Orçamento e dívida pública
O orçamento previsto para 2025 é de R$ 2,86 bilhões, mas a cidade carrega uma dívida pública consolidada de R$ 380 milhões. A capacidade de investimento está comprometida, com:
54% do orçamento comprometido com folha de pagamento
15% de limite para investimentos
R$ 180 milhões em restos a pagar de gestões anteriores
Plano Diretor e margem esquerda
A ausência de um plano diretor atualizado para a margem esquerda do Rio Madeira representa outro desafio significativo. A região, que abriga cerca de 12 mil habitantes, carece de:
Regularização fundiária
Infraestrutura básica
Equipamentos públicos
Planejamento urbano adequado
Transporte público
O sistema de transporte público urbano apresenta deficiências crônicas:
Frota com idade média de 8 anos
Cobertura insuficiente de linhas
Apenas 35% dos pontos de ônibus com abrigo
Ausência de sistema de integração eficiente
Perspectivas e compromissos
O prefeito eleito Léo Moraes assumiu durante a campanha o compromisso de priorizar o saneamento básico e a regularização fundiária. "Vamos buscar parcerias com o governo federal e financiamentos internacionais para resolver o problema histórico do saneamento", afirmou durante seu discurso de vitória.
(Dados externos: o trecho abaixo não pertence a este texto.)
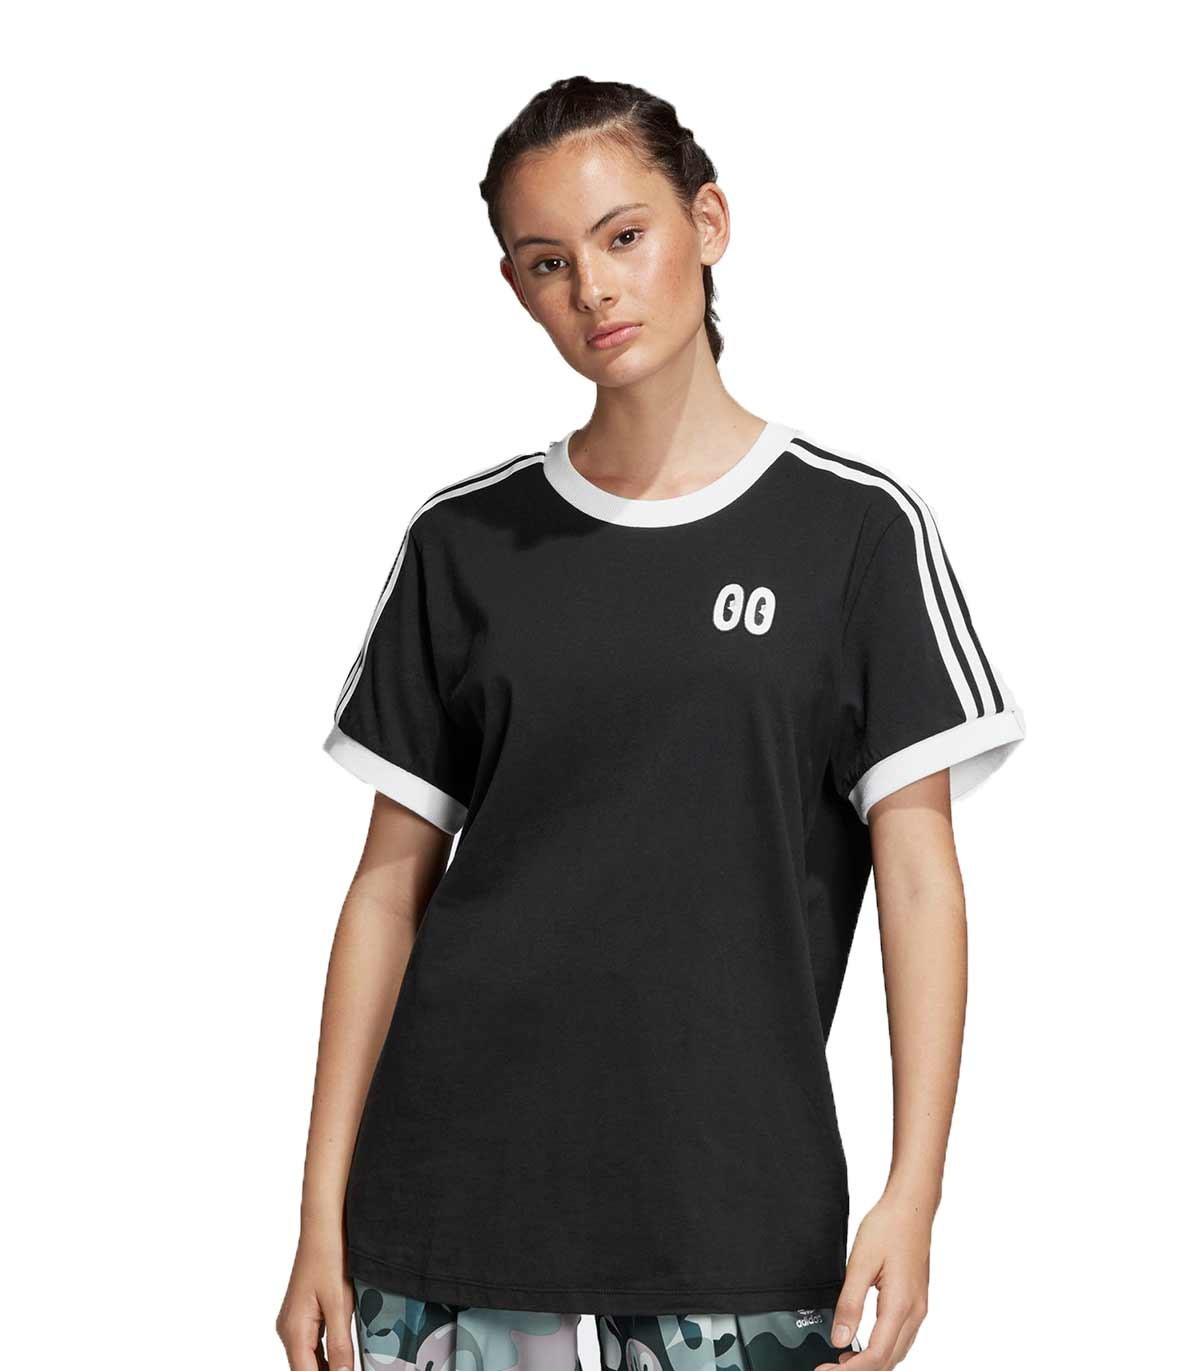 262f7e7ac Buy Camiseta Adidas 3 Stripes Tee

Entre as promessas de campanha, destacam-se:
Ampliação da rede de esgoto para 60% até 2028
Construção de 3 novas UPAs
Implementação de sistema de transporte integrado
Regularização fundiária de 15 mil imóveis
Reforma e ampliação de 50 escolas
O polêmico contrato bilionário do lixo
Um dos maiores desafios que o prefeito eleito Léo Moraes encontrará será equacionar o polêmico contrato de coleta e destinação do lixo, avaliado em mais de R$ 2 bilhões, firmado entre a Prefeitura de Porto Velho e a empresa Eco Rondônia. O caso se transformou em um dos maiores imbrólios administrativos da história recente da capital.
Linha do Tempo do Caso
Março de 2023
Prefeitura inicia processo licitatório para contratação de empresa de coleta e destinação final de resíduos sólidos
Outubro de 2023
TCE-RO emite determinação questionando diversos pontos do processo licitatório
Órgão de controle aponta possíveis irregularidades na formação de preços e no modelo de concessão
Janeiro de 2024
Mesmo com as advertências do TCE-RO, prefeitura prossegue com o processo
Empresa Eco Rondônia é declarada vencedora do certame
Maio de 2024
Câmara Municipal aprova projeto autorizando contrato, apesar das contestações do TCE-RO
Valor previsto de pagamentos mensais: R$ 6 milhões
Contrato com duração de 30 anos
Julho de 2024
Ministério Público ingressa com Ação Civil Pública pedindo a anulação do contrato
MP e Procuradoria Geral do Estado apontam possíveis irregularidades
Realização de audiência pública para debater o contrato bilionário
Principais Pontos Contestados
Valor do Contrato: R$ 2 bilhões considerado superfaturado pelo TCE-RO
Prazo: 30 anos de duração, considerado excessivo
Modelo de Concessão: Questionamentos sobre a forma de prestação do serviço
Formação de Preços: Inconsistências na planilha de custos
Ausência de Estudos: Falta de análises técnicas aprofundadas sobre impacto financeiro
Impacto para a próxima gestão
O novo prefeito Léo Moraes terá que lidar com um contrato que:
Compromete significativa parcela do orçamento municipal
Está sob contestação judicial
Possui questionamentos dos órgãos de controle
Pode gerar passivos jurídicos e financeiros para o município
A situação é especialmente delicada porque o contrato representa um comprometimento de longo prazo das finanças municipais, podendo afetar a capacidade de investimento em outras áreas prioritárias como saúde, educação e infraestrutura.
O novo gestor terá pela frente o desafio de administrar uma cidade que, apesar de ser a capital do estado, ainda luta para garantir serviços básicos à população. A capacidade de articulação política e de captação de recursos será fundamental para viabilizar as transformações necessárias.